# Task
Please repeat the listing below exactly, but do not include its pictures.

# Data block
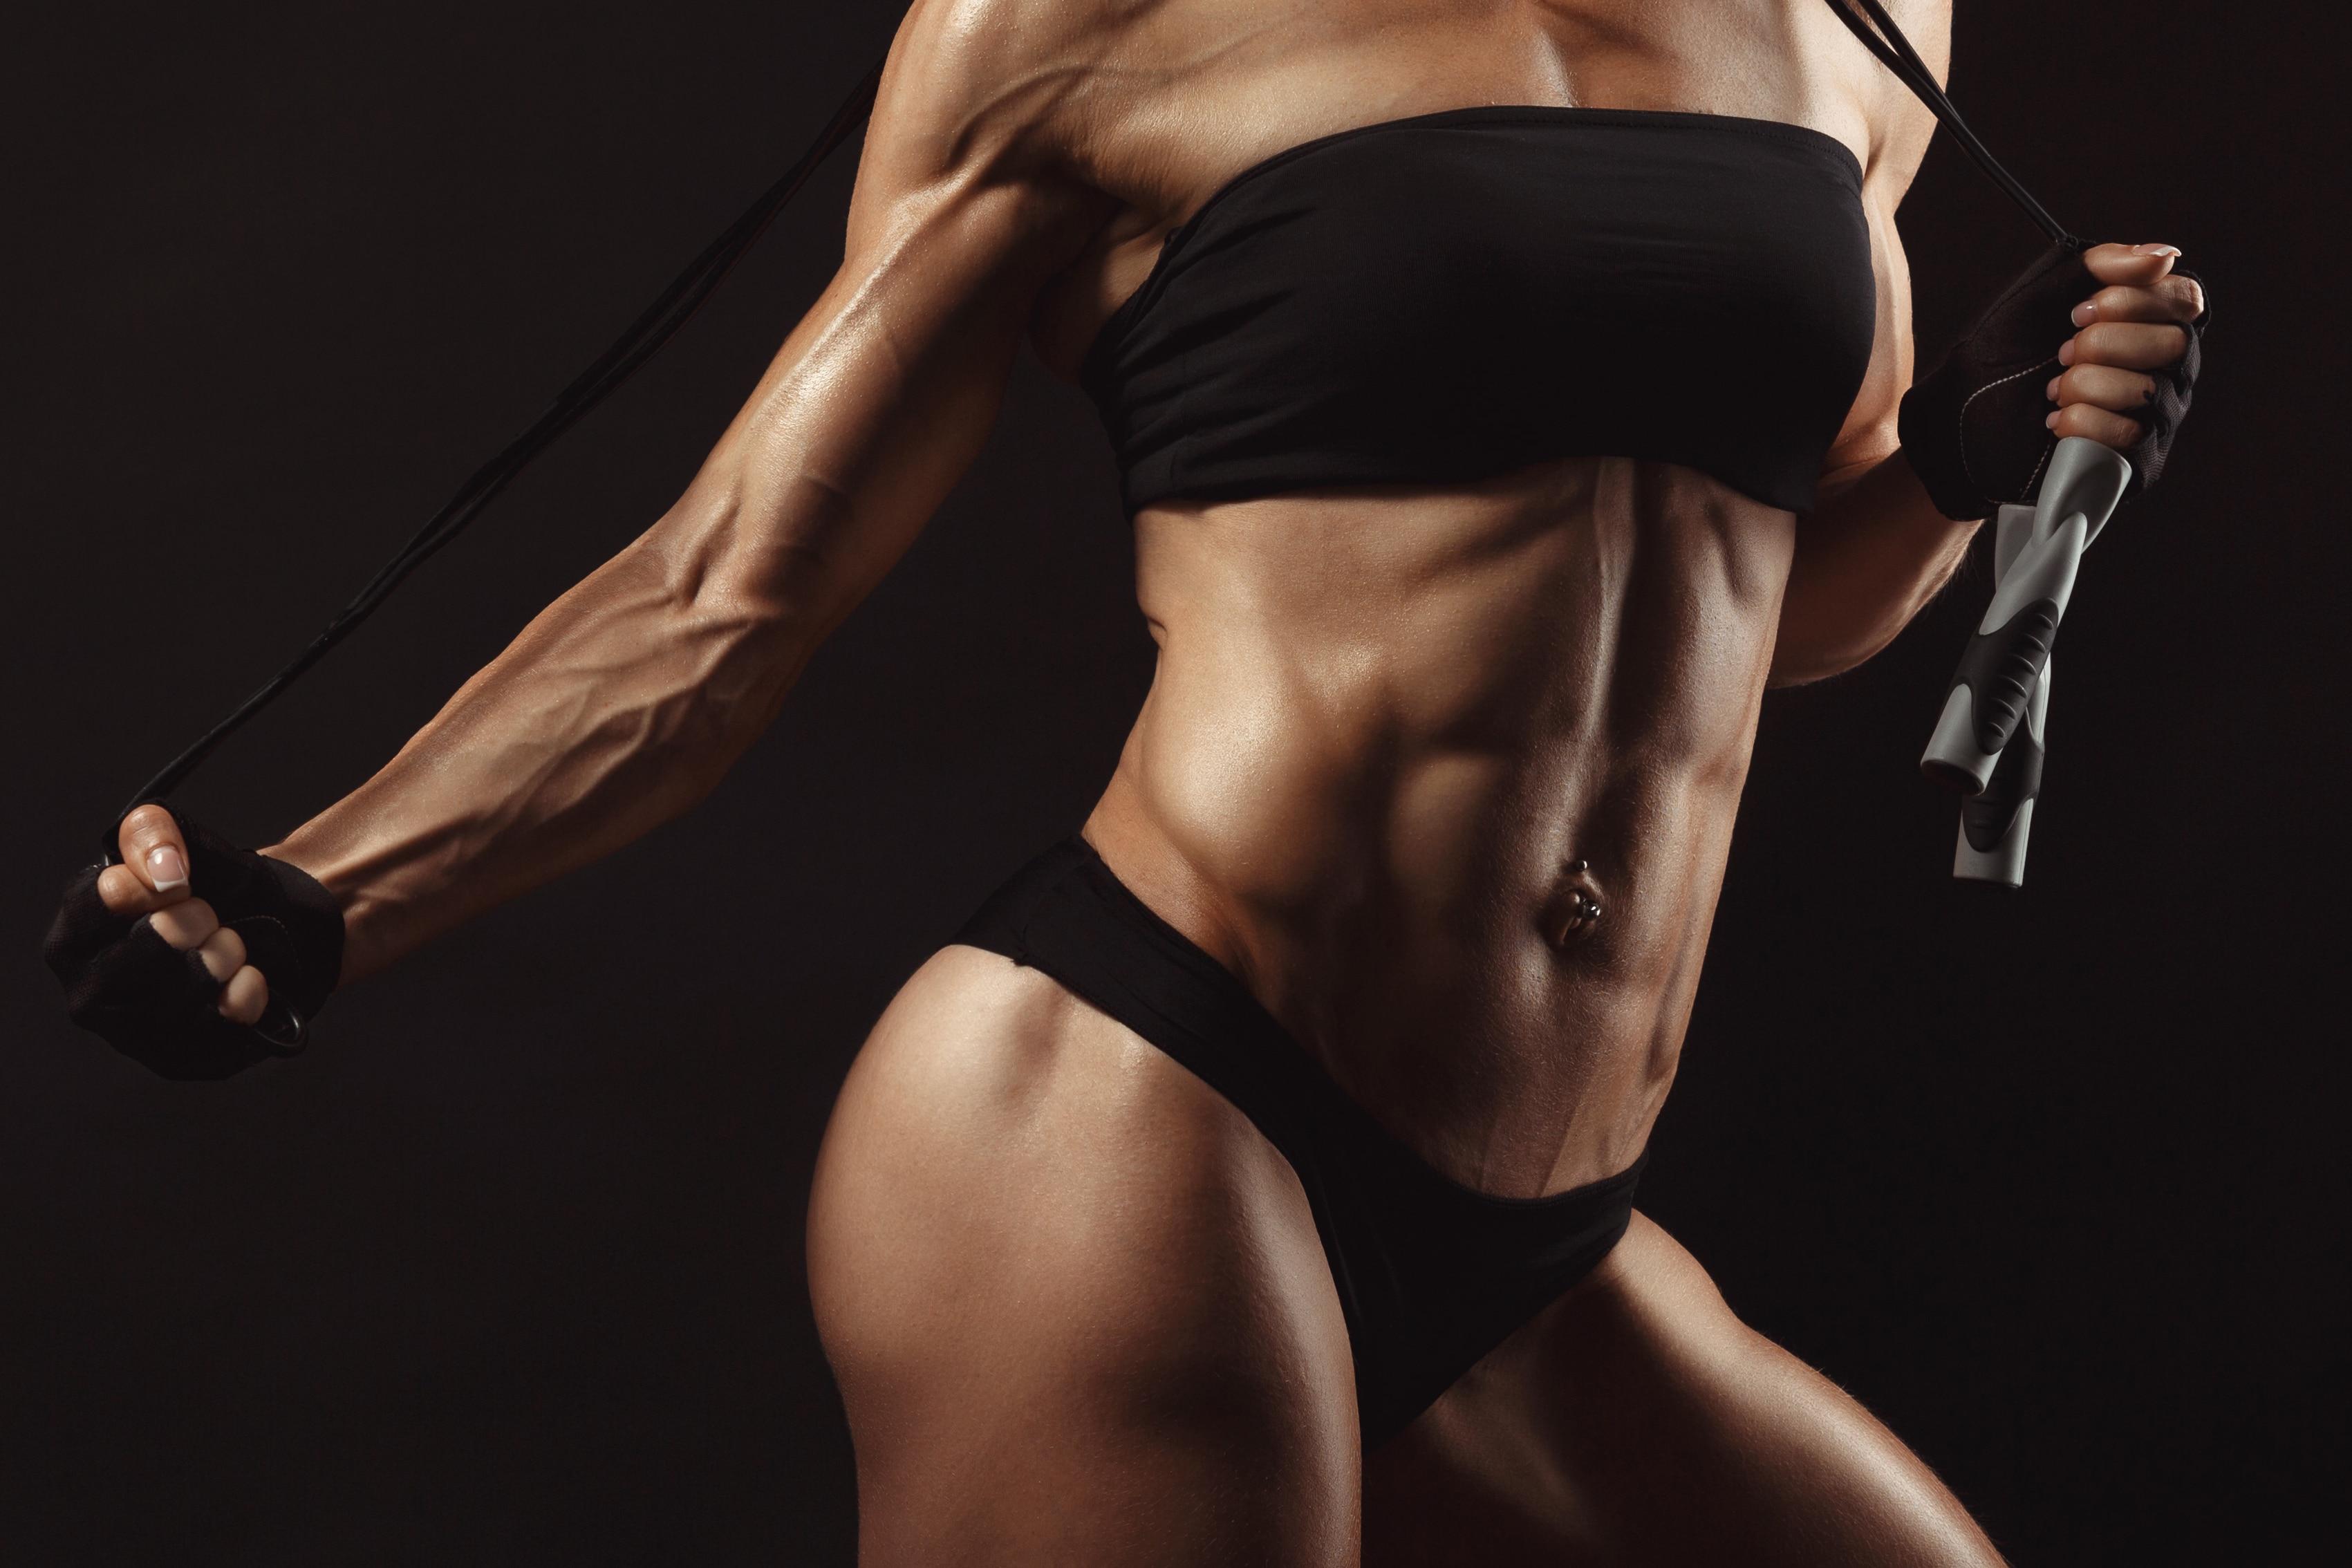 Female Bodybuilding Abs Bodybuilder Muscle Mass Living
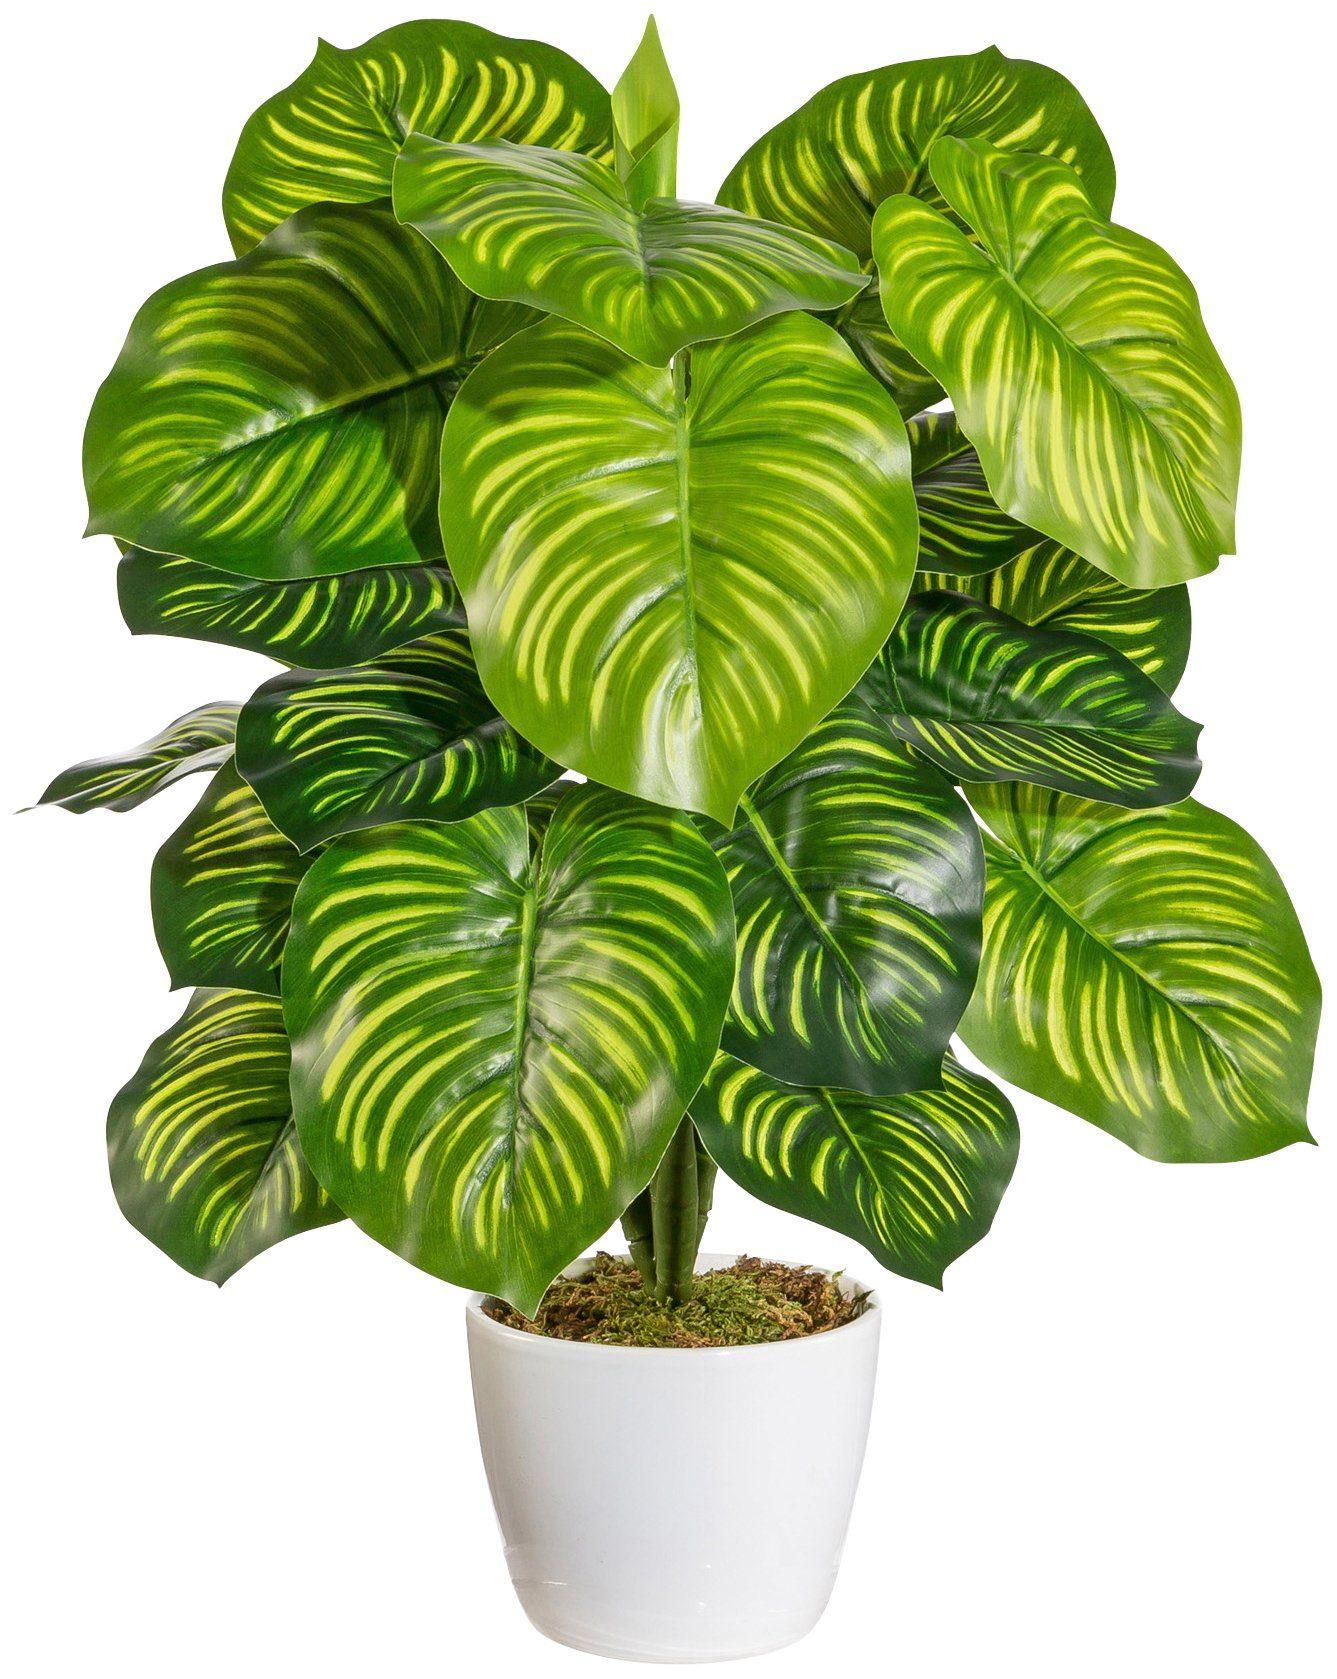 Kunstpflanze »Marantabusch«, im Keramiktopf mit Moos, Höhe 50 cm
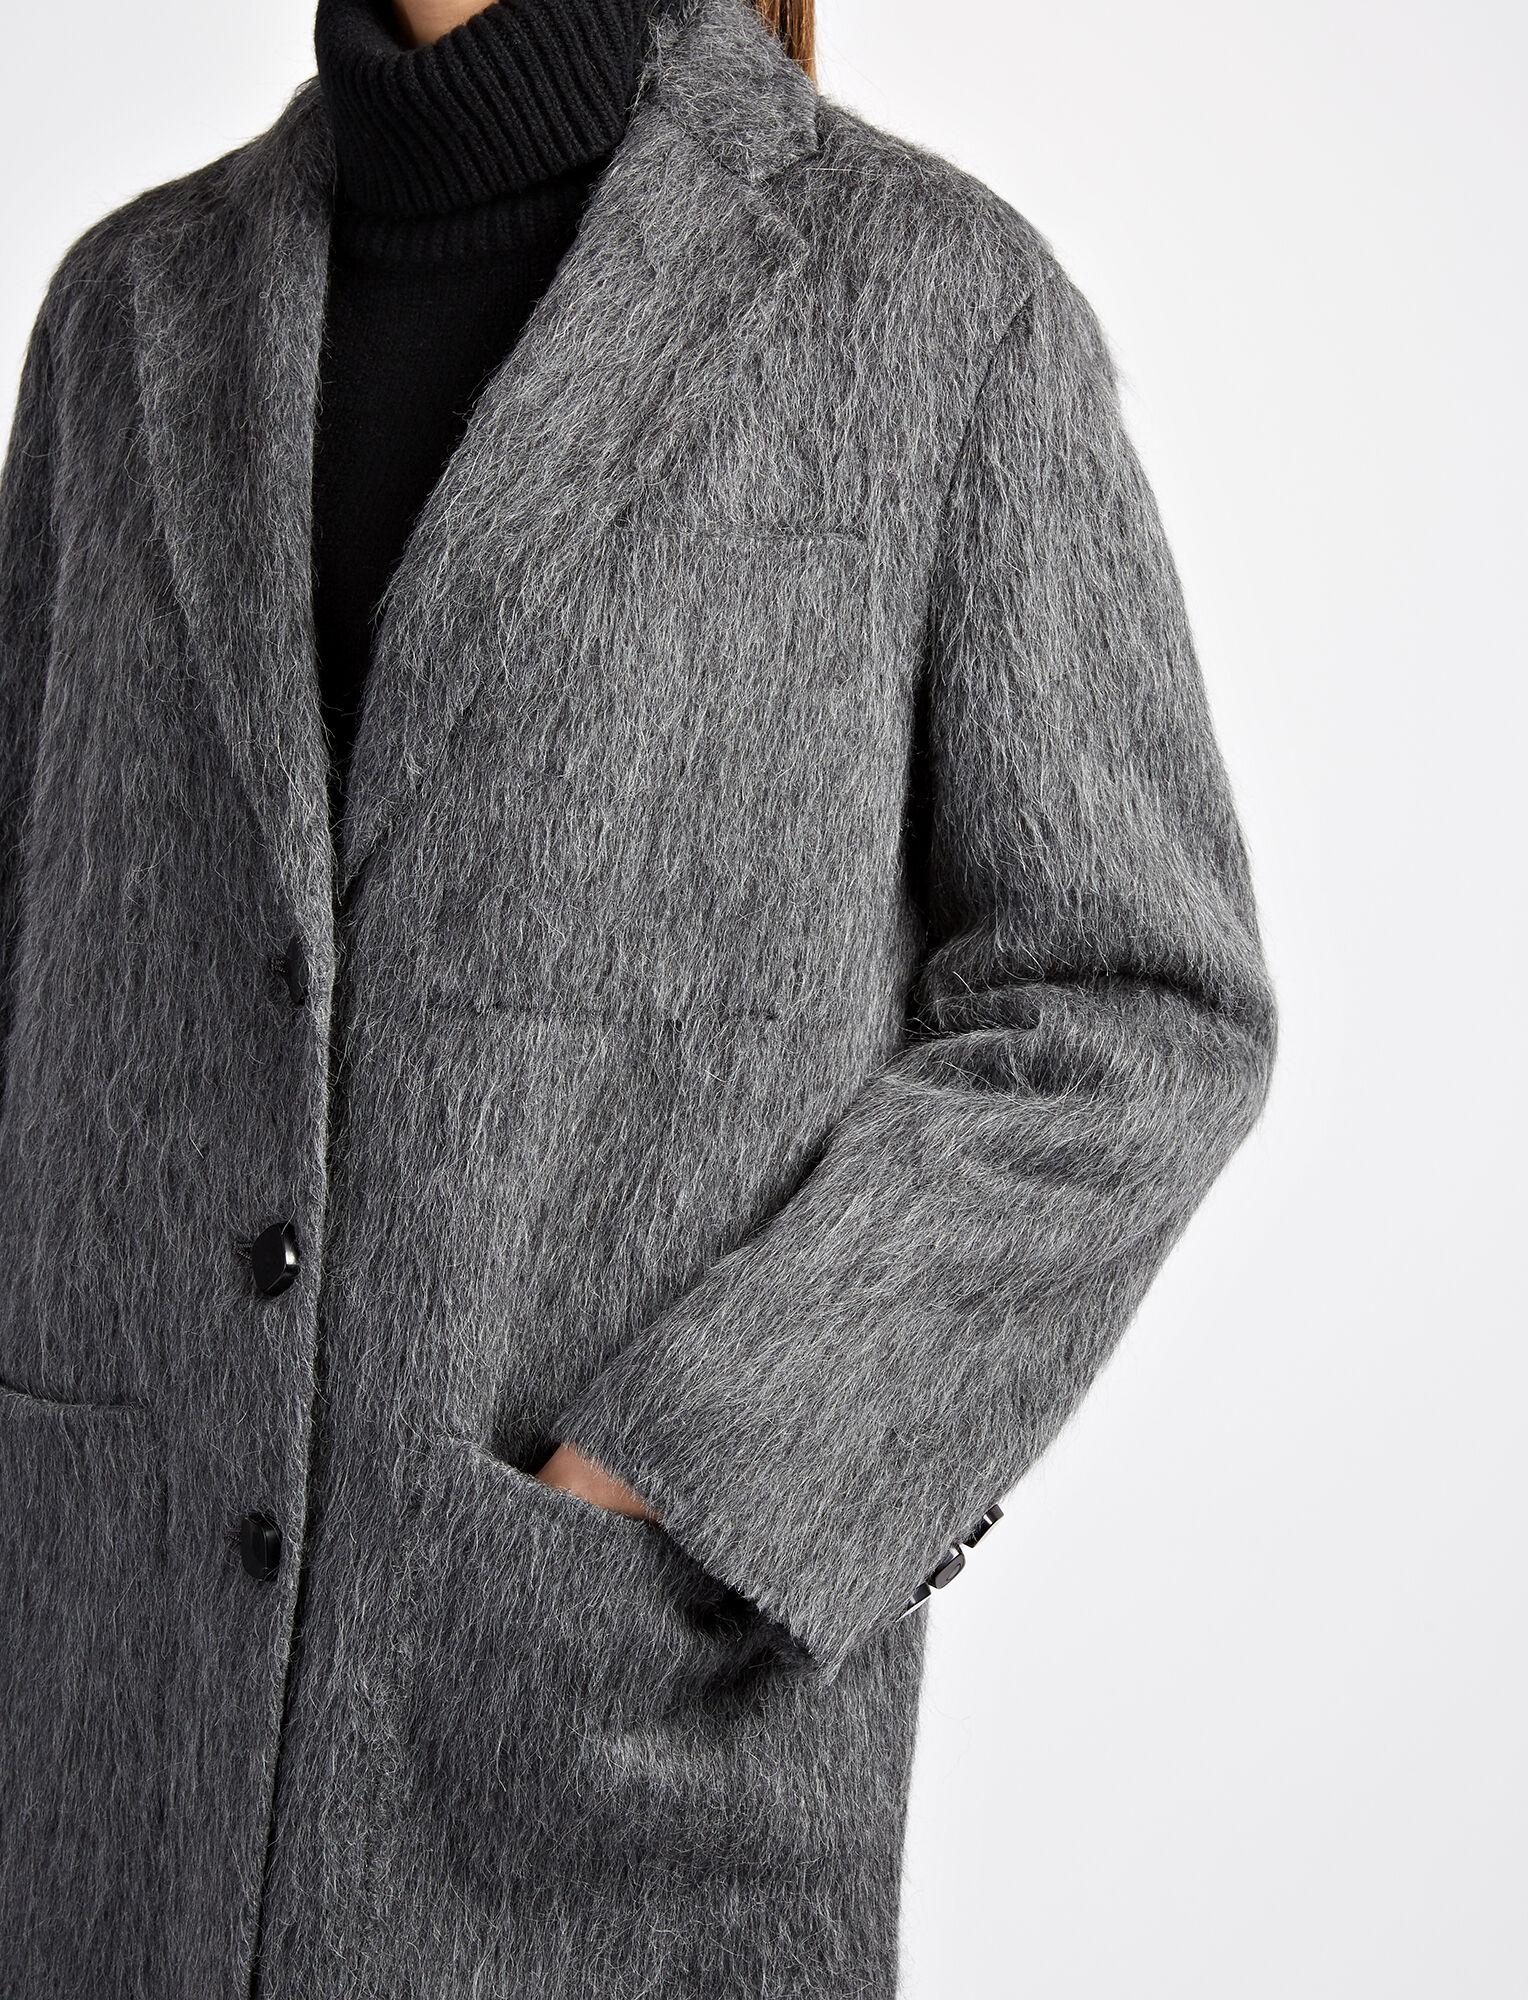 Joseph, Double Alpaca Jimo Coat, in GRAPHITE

# Reply
 Female Bodybuilding Abs Bodybuilder Muscle Mass Living
 Kunstpflanze »Marantabusch«, im Keramiktopf mit Moos, Höhe 50 cm
 Joseph, Double Alpaca Jimo Coat, in GRAPHITE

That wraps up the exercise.